RECORDS SUPPLIED →

━━━━━━━━━━━━━━━━━━━━━━━━━━━━━━

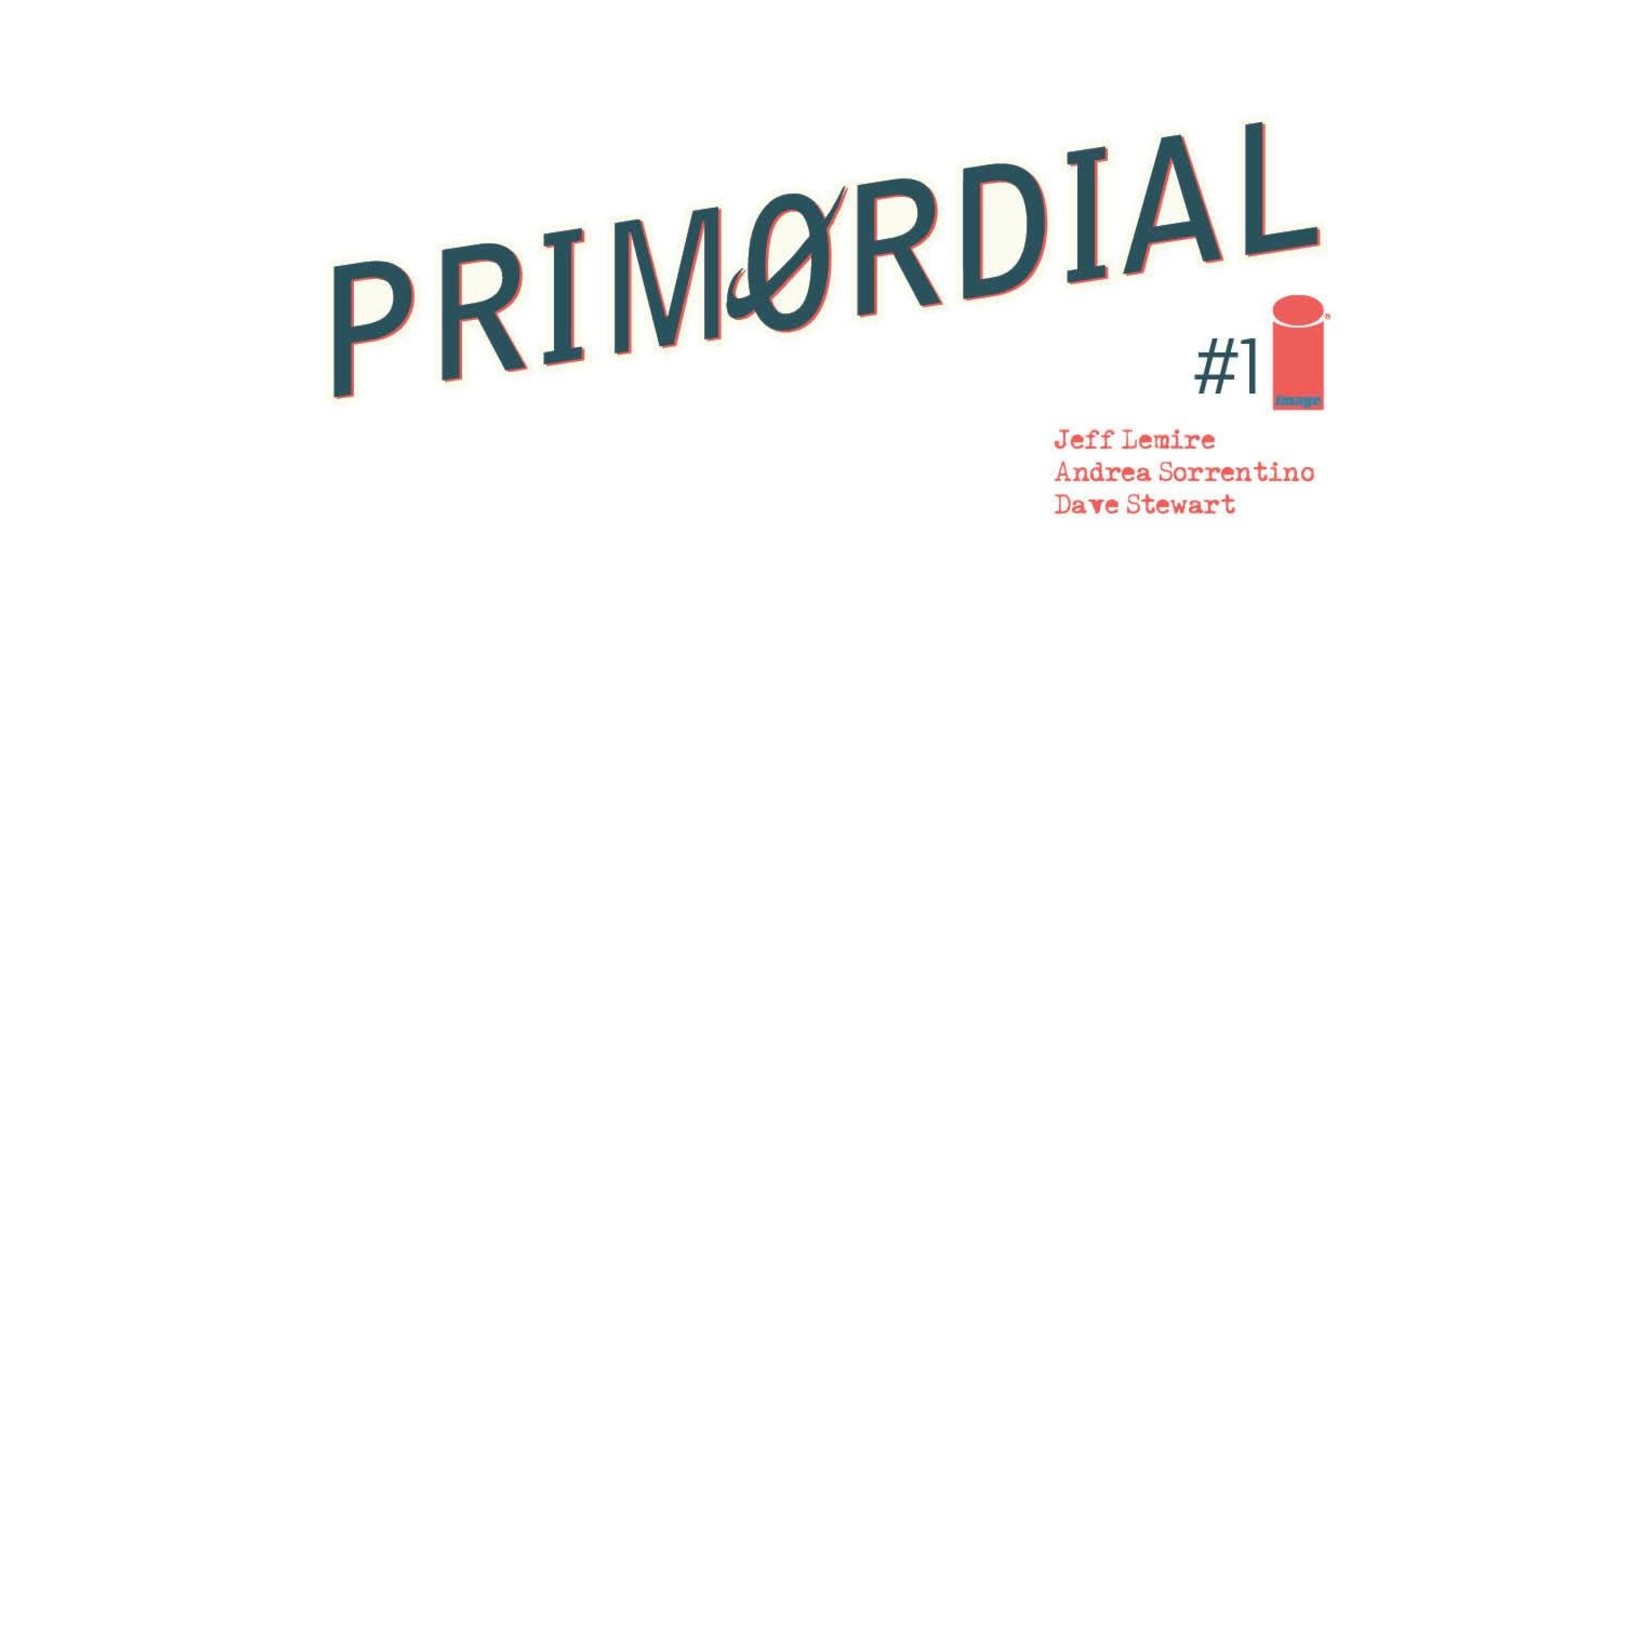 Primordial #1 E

━━━━━━━━━━━━━━━━━━━━━━━━━━━━━━

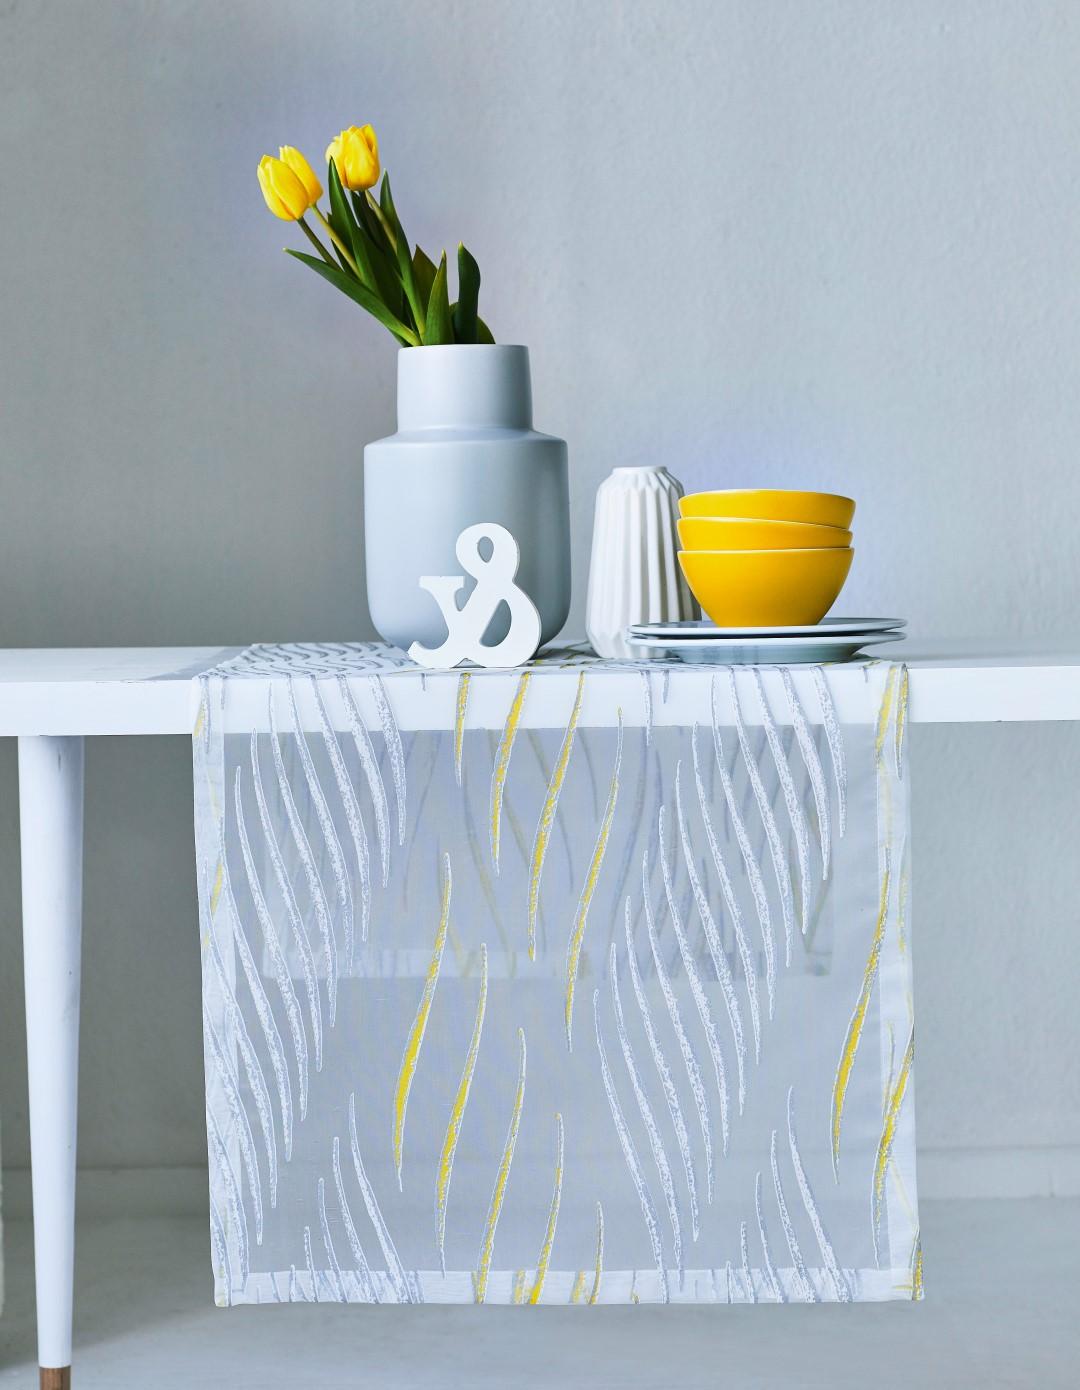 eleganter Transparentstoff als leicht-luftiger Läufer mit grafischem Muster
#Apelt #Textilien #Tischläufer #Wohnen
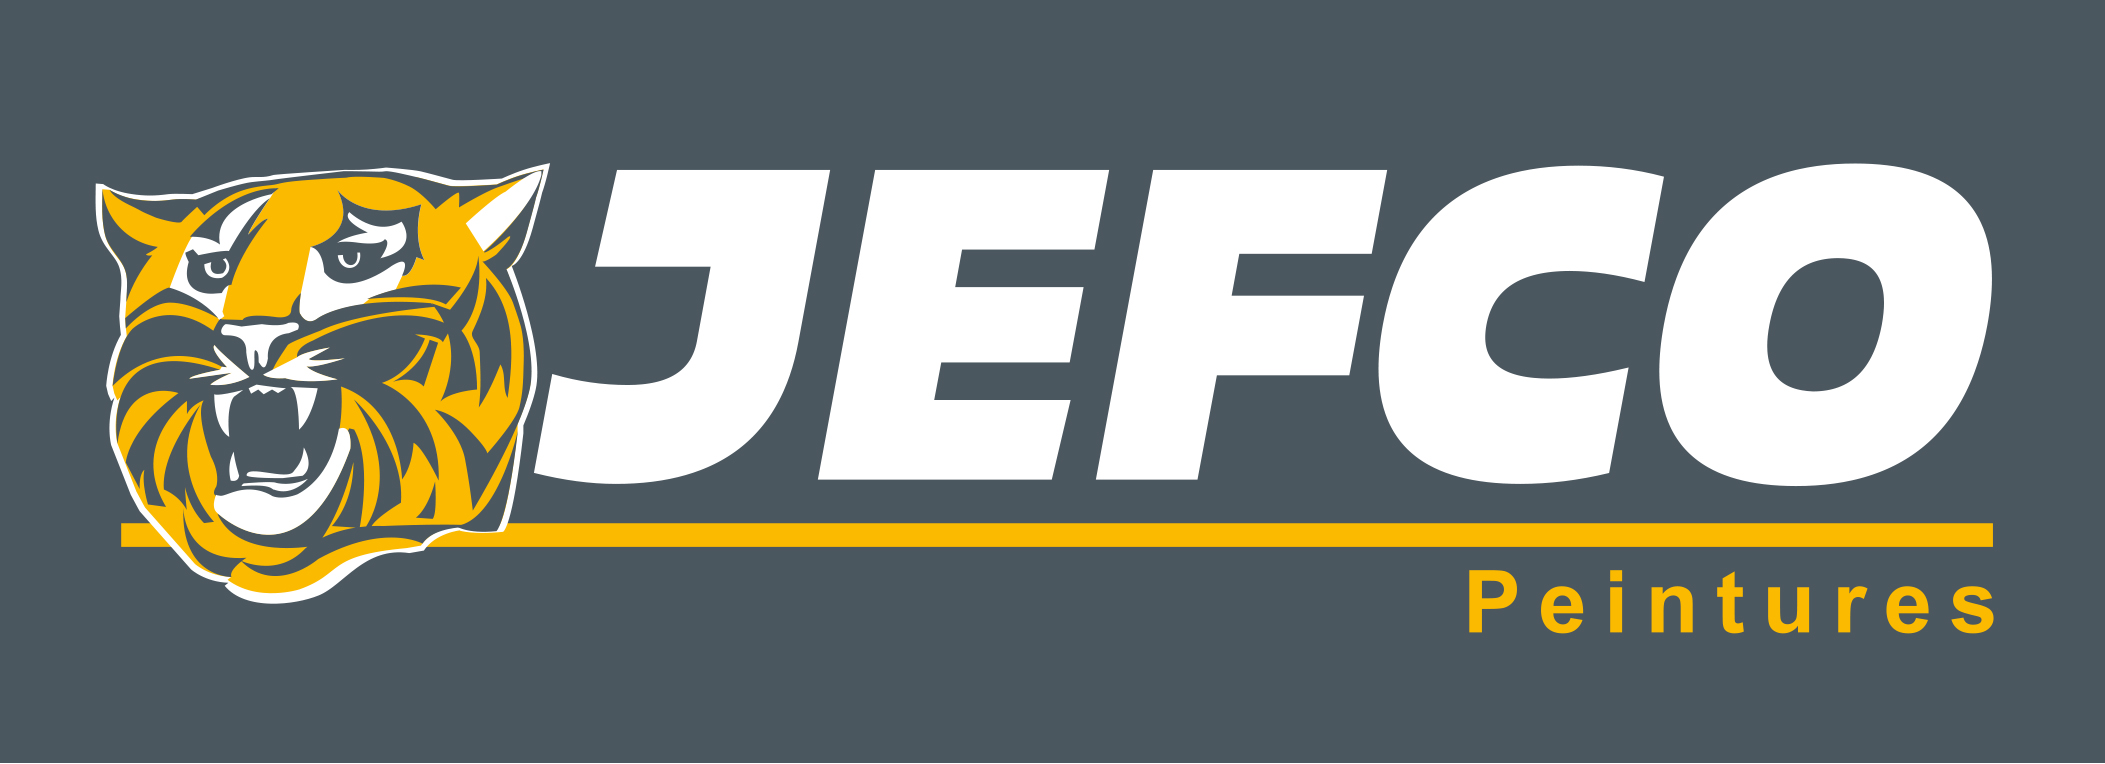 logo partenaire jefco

━━━━━━━━━━━━━━━━━━━━━━━━━━━━━━

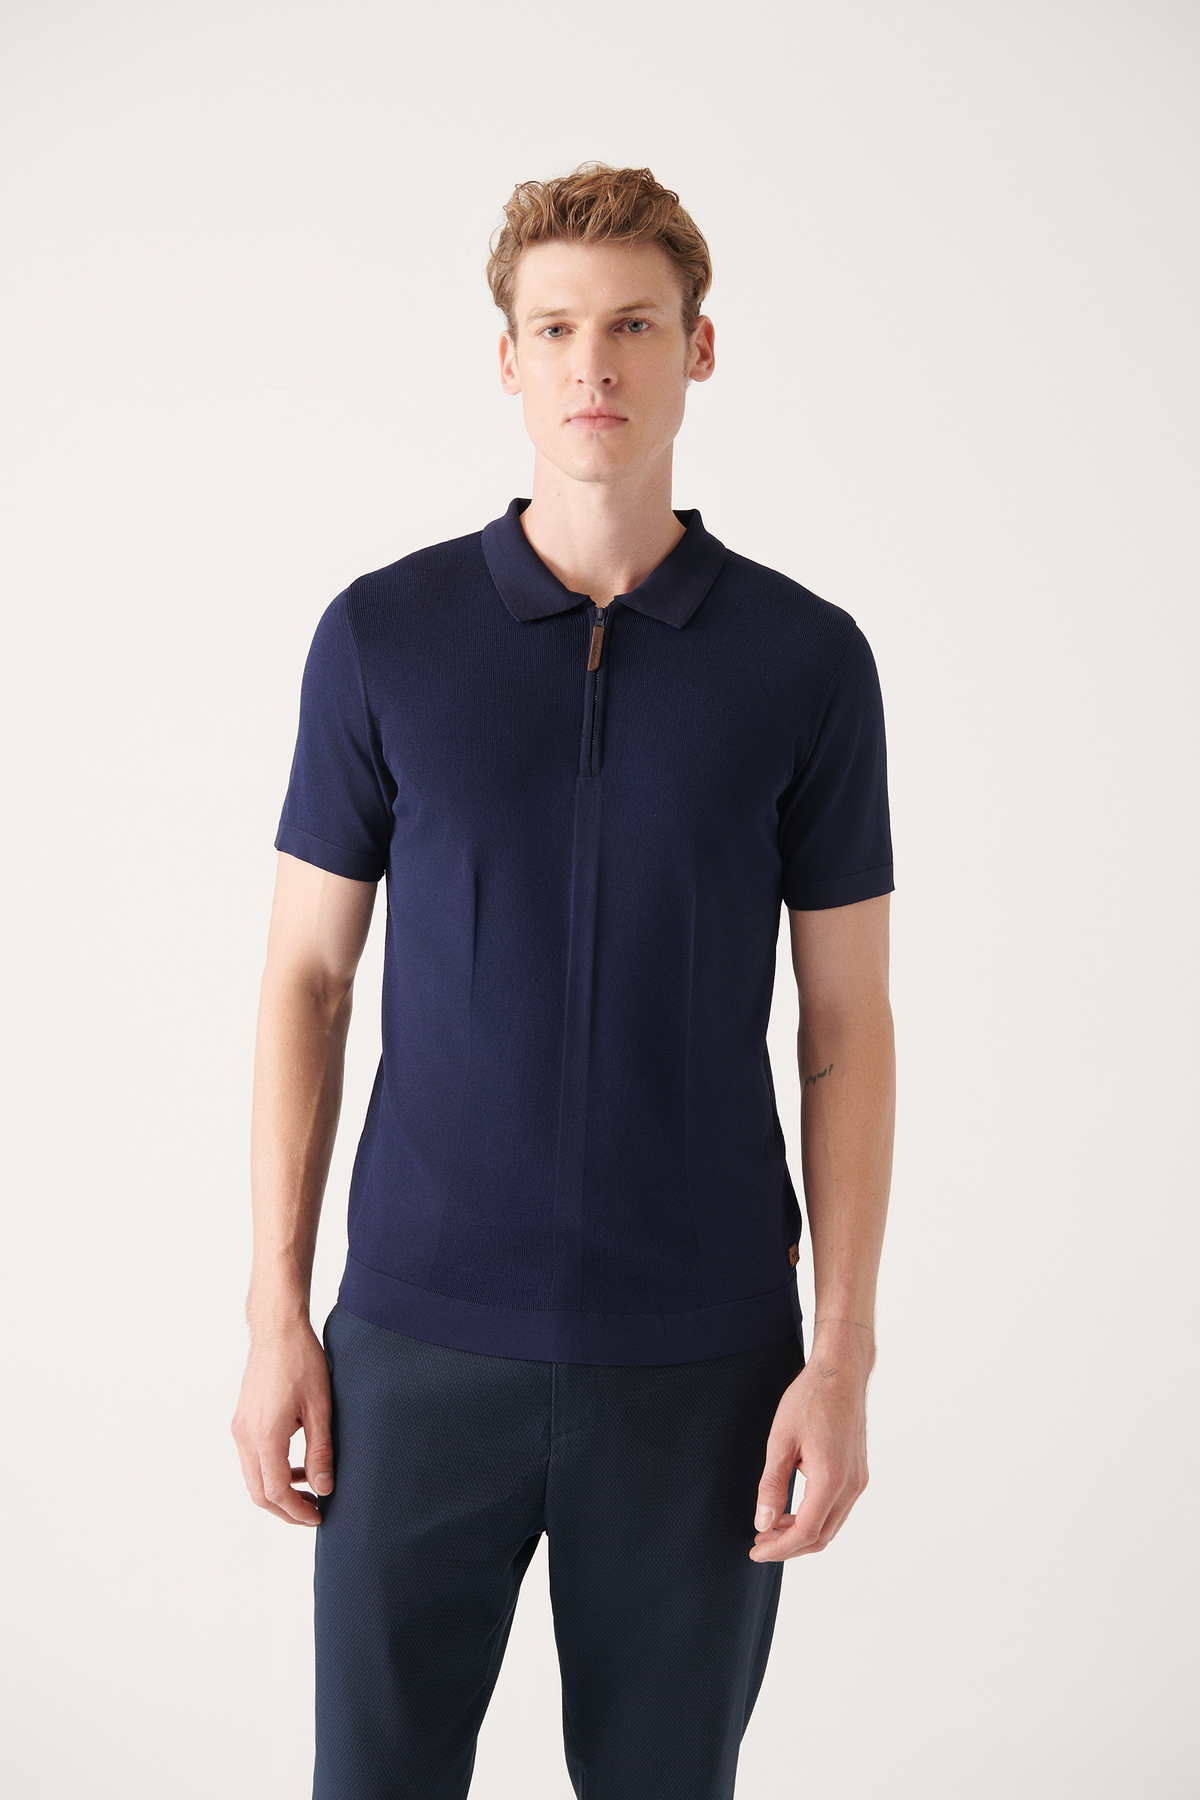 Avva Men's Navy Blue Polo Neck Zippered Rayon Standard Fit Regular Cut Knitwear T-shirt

━━━━━━━━━━━━━━━━━━━━━━━━━━━━━━

Please copy the lines above exactly, starting at the line that holds "#Apelt #Textilien #Tischläufer #Wohnen" and ending at the line that holds "logo partenaire jefco"; include both, but no pictures.

#Apelt #Textilien #Tischläufer #Wohnen
 logo partenaire jefco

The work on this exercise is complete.